- PROBLEM STATEMENT: Transcribe word for word the lines below from the line with "Thom McAn Kendrick" through the line with "You Are Loved", ends included.

*** Opening DATA RECORDS ***

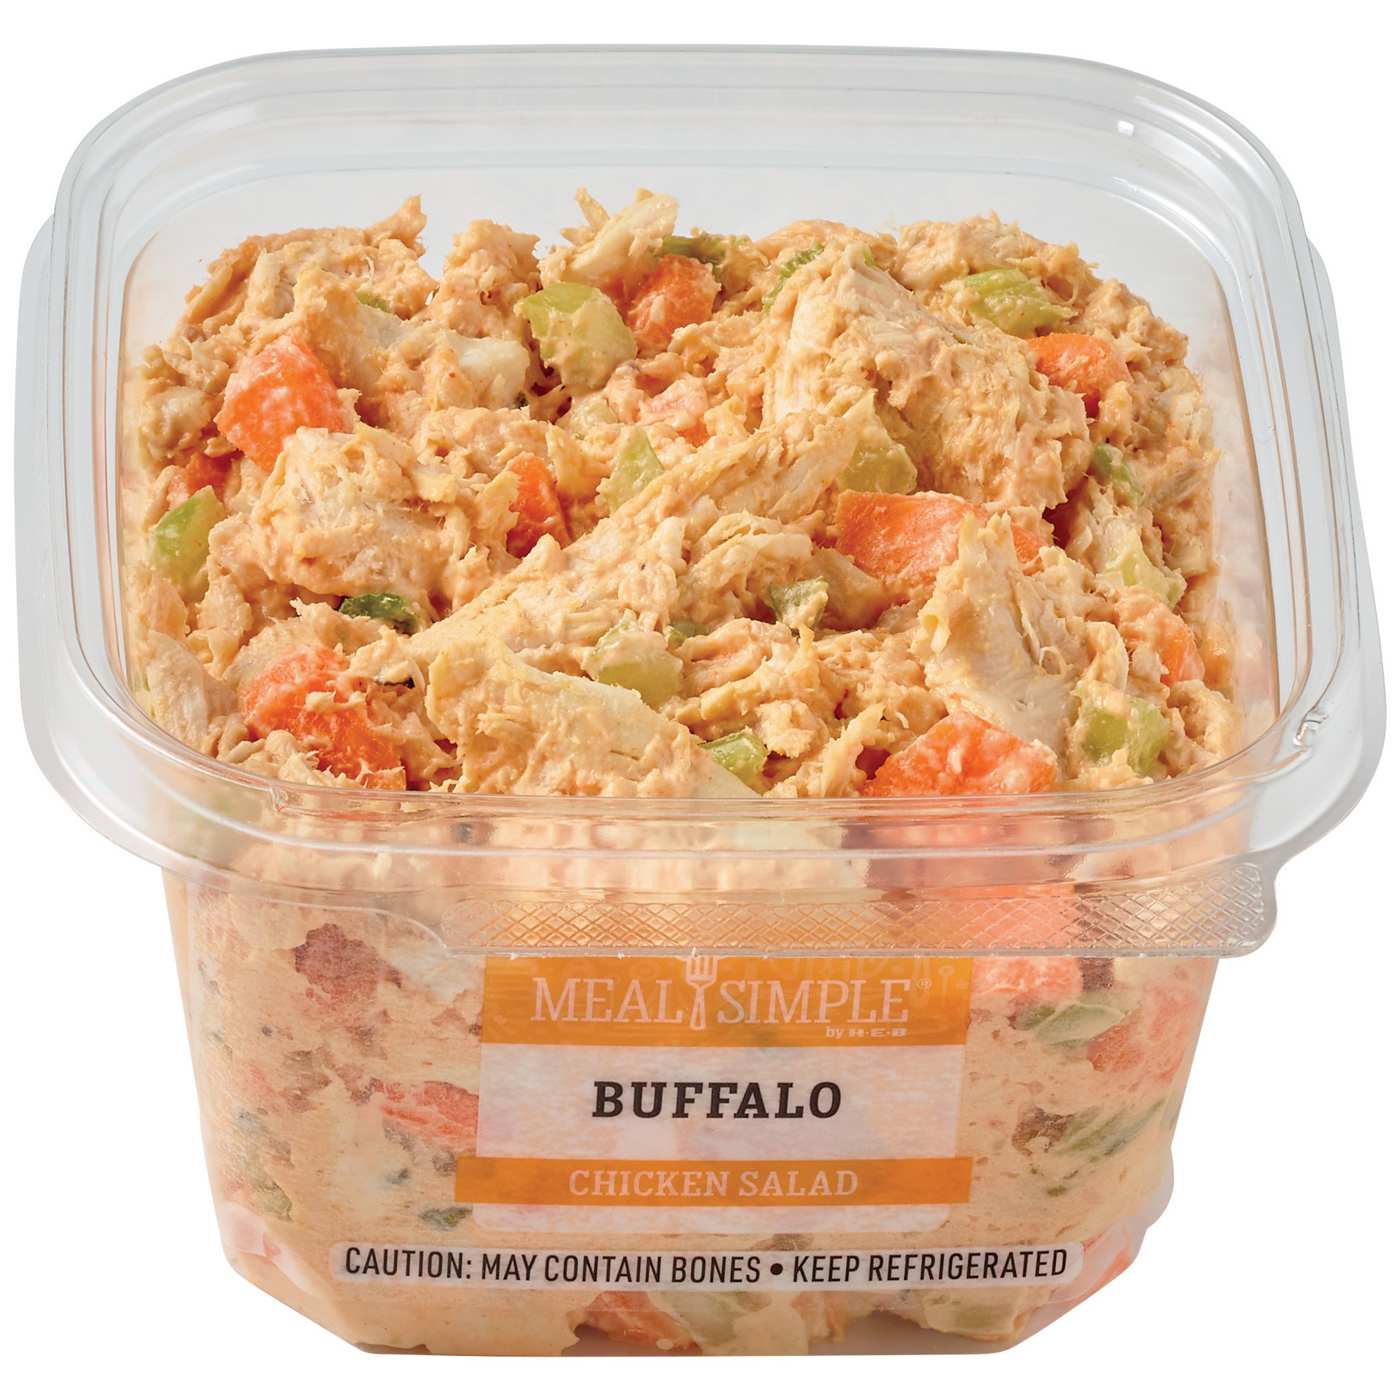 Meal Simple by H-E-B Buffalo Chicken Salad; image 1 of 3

*** Closing DATA RECORDS ***
*** Opening DATA RECORDS ***

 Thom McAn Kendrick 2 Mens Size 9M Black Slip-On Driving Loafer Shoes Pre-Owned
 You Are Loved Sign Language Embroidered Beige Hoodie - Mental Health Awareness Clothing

*** Closing DATA RECORDS ***

- OUTPUT:
 Thom McAn Kendrick 2 Mens Size 9M Black Slip-On Driving Loafer Shoes Pre-Owned
 You Are Loved Sign Language Embroidered Beige Hoodie - Mental Health Awareness Clothing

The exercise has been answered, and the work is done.